Julia Walsh is an advocate for sex-trafficking survivors.  She is a 26-year old Arlington resident, who was forced into sex trafficking when she was 18 by her boyfriend, who wanted cash for his drug habit.  Then a young Grapevine teen, she trusted him in the dark world of sex trafficking, where half of the victims are children.

Born in Russia, Walsh and her twin brother were placed in an orphanage and later adopted to parents in the U.S.  For Julia, repeated instances of separation, isolation, abuse, and abandonment in the orphanage left her with emotional scarring and post-traumatic stress, making her vulnerable later on to human traffickers. Her family lived in Florida and later moved to Grapevine, where Julia attended private schools in elementary, middle and high school in Tarrant County.
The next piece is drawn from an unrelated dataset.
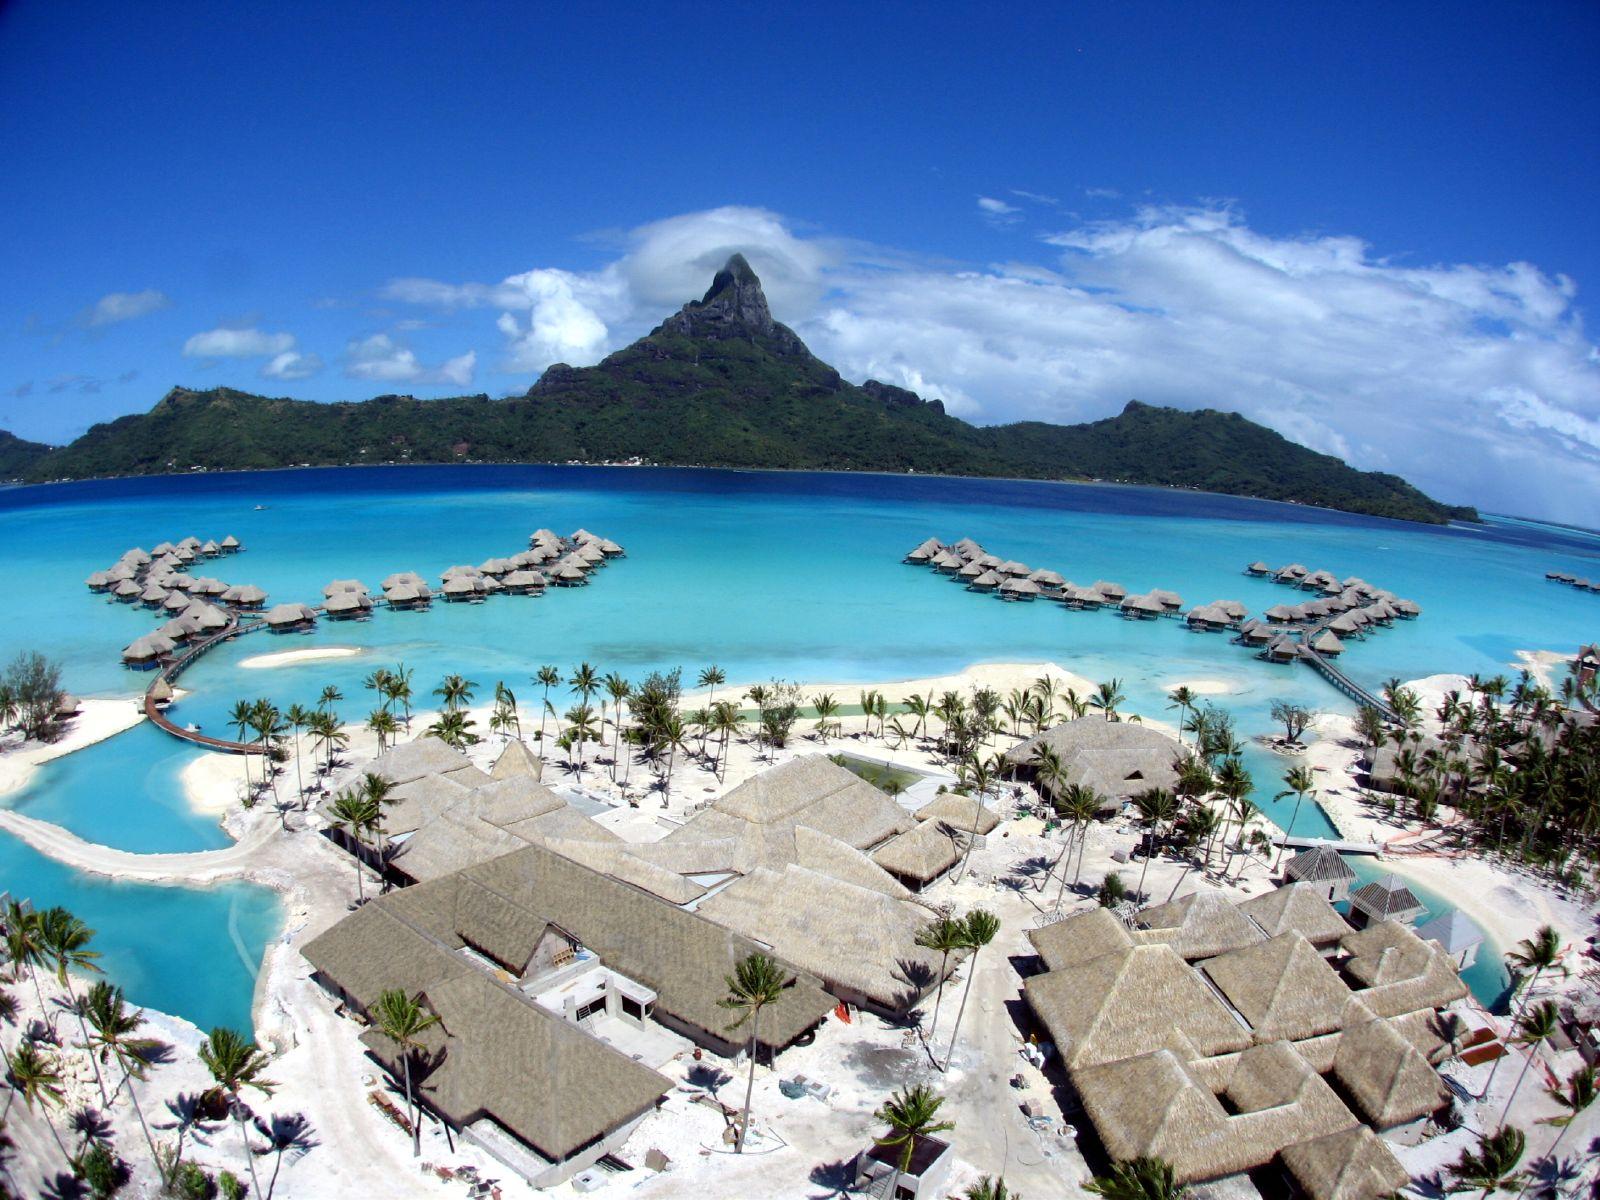 http://4.bp.blogspot.com/__5oFE11MvK8/TAeB6hC8XcI/AAAAAAAAFd4/sJ3Ce1KiJbc/s1600/Bora_Bora_French_Polynesia4.jpg
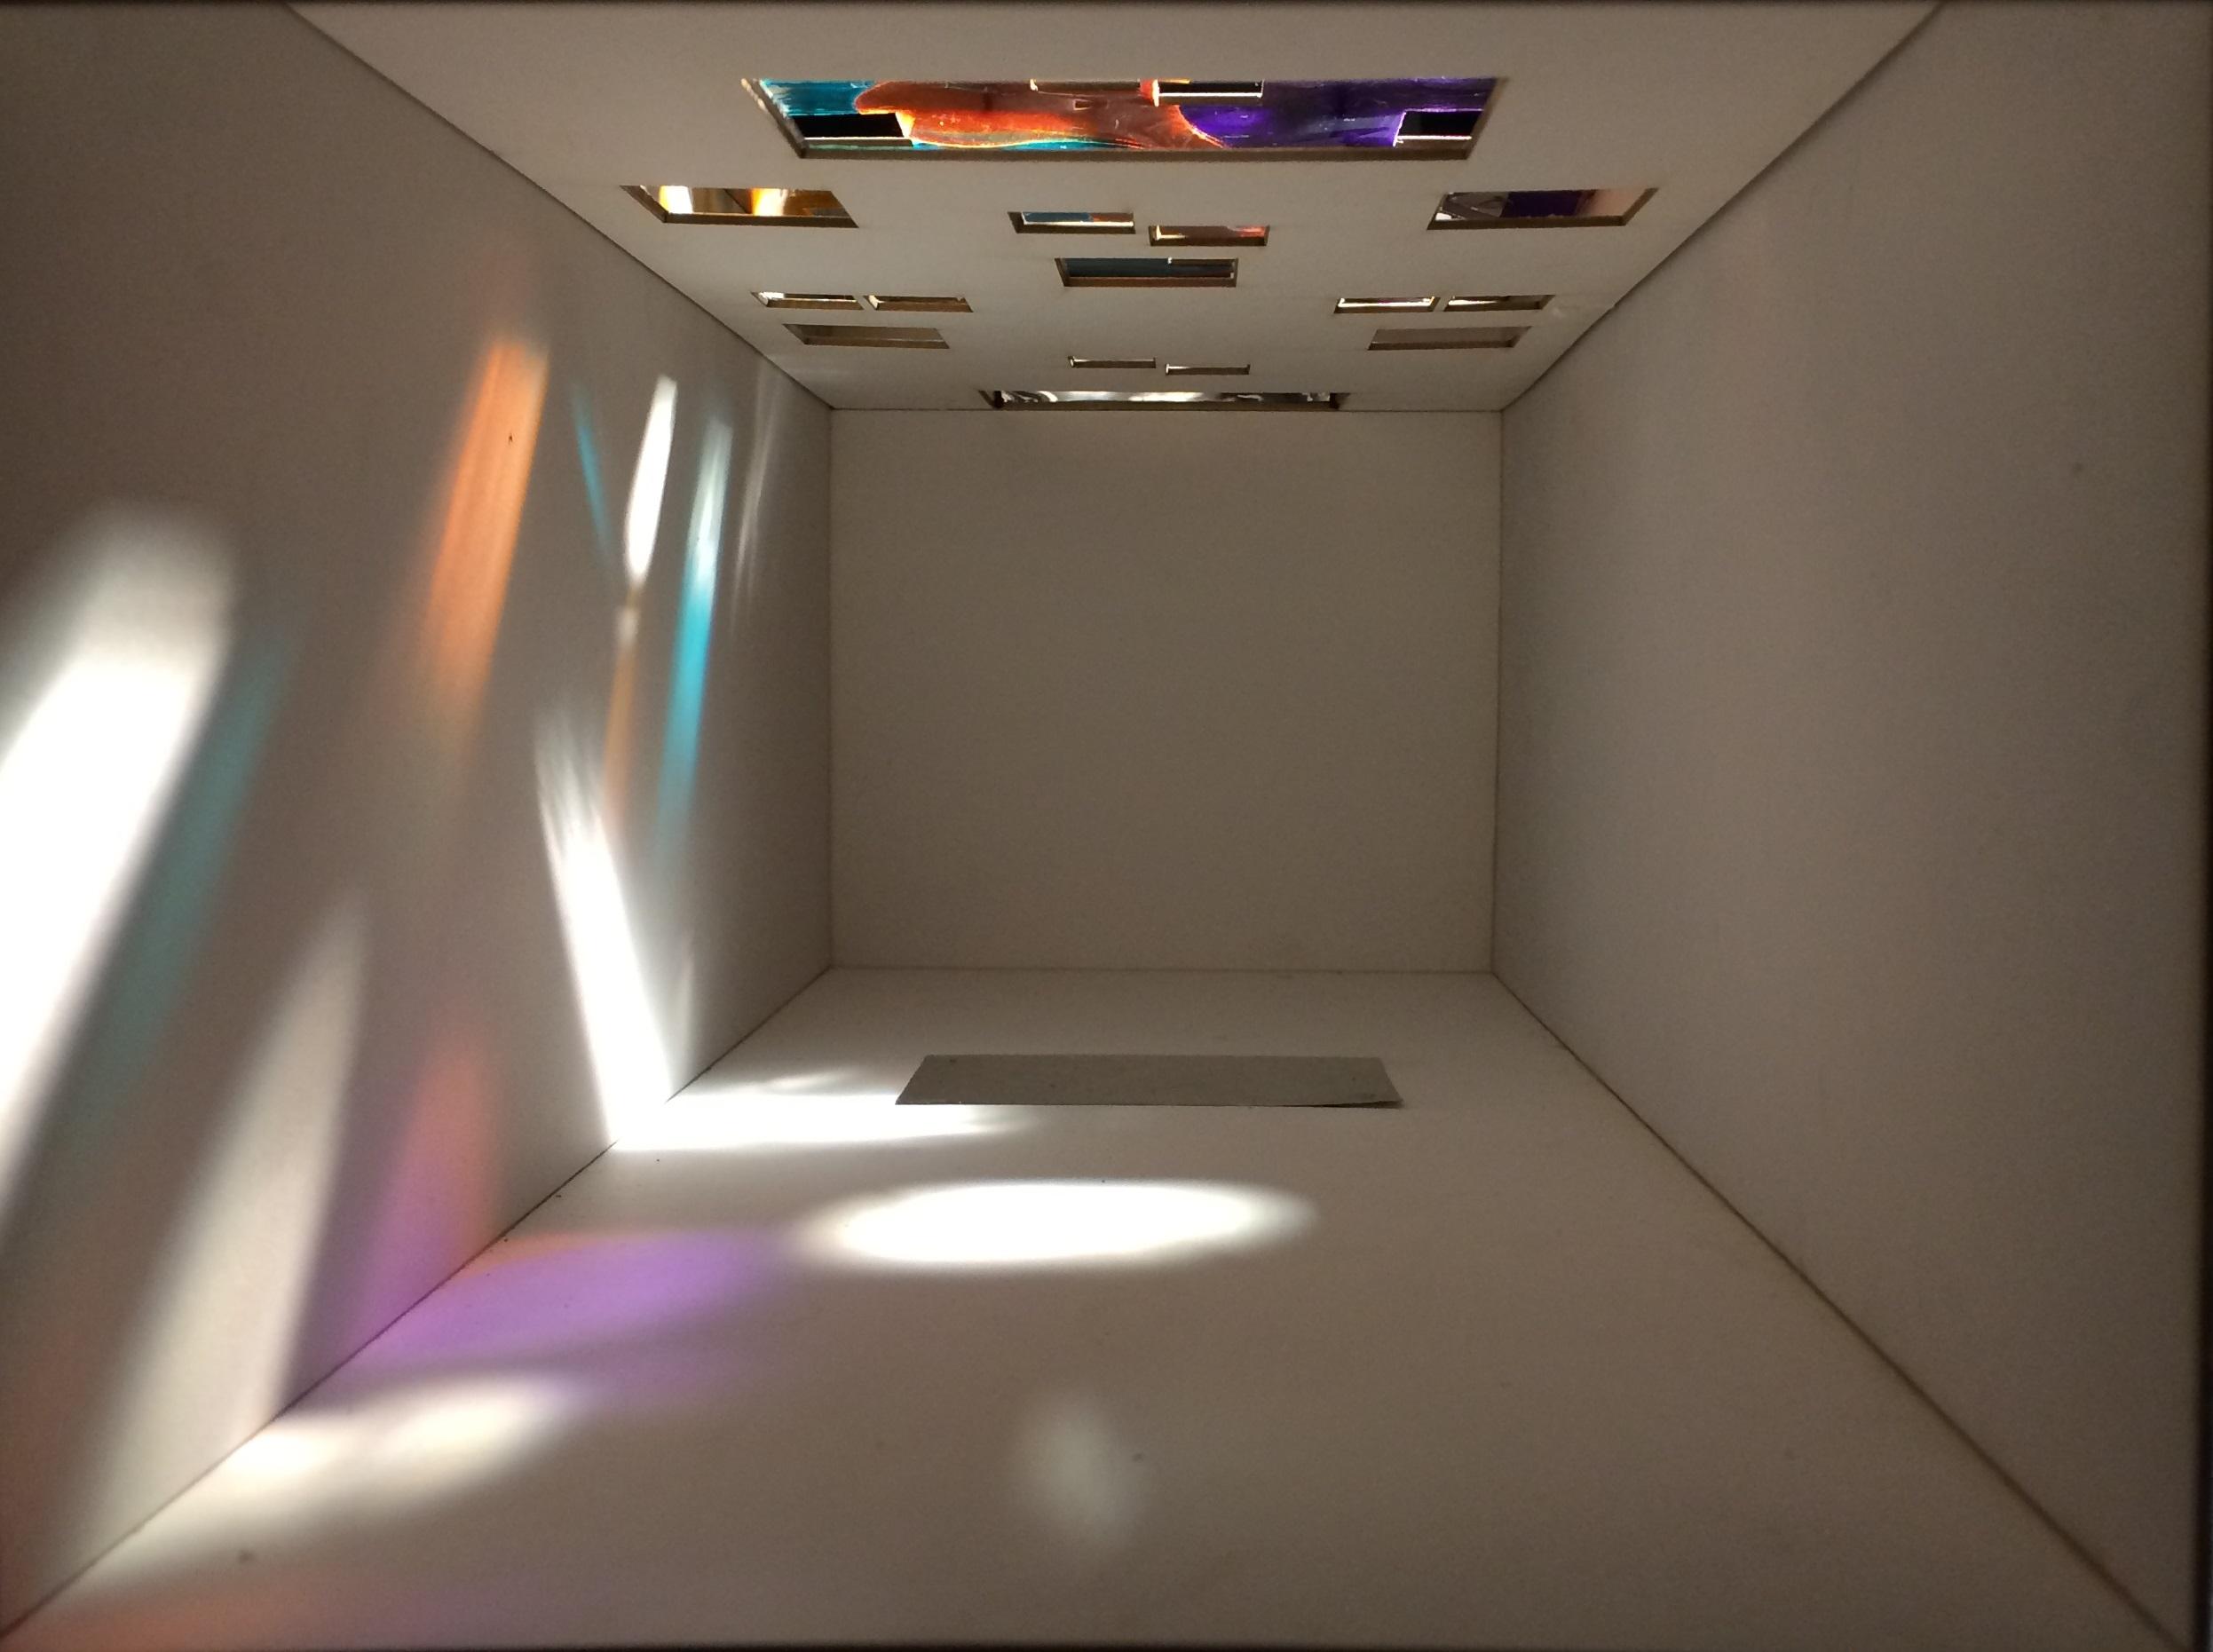 fatemeh-abadian-mps-interior-lighting-design-projects_17644112855_o.jpg

As a teen Julia was depressed, drinking and smoking marijuana regularly.  At 18 she enrolled at Angelo State University in San Angelo, but never finished her first semester.  Instead, she was forced into sex trafficking during her freshman year. That was her life for three years, moving from trafficker to trafficker.

Walsh and her last trafficker were arrested in June 2013 in Mobile, Alabama and extradited to face charges in Texas, where her recovery began. By then, she had been sold for sex in 20 states and most major cities in Texas.  Her trafficker was sentenced to 40 years in prison.  Charges against Julia were dropped once investigators determined she was a victim and not a willing prostitute.

Julia Walsh has been free from her traffickers for three years, and now shares her story with other survivors, law enforcement officials and counselors at sex-trafficking conferences. She has testified before Texas legislators in support of a bill for human trafficking survivors and works with several non-profits dedicated to assisting other survivors in transitioning out of the sex trafficking industry.  She works as an office manager for a Fort Worth general contractor and is pursuing a degree in social work.

“There is hope,” Walsh says, referring to survivors.  “The trafficked are not forgotten.”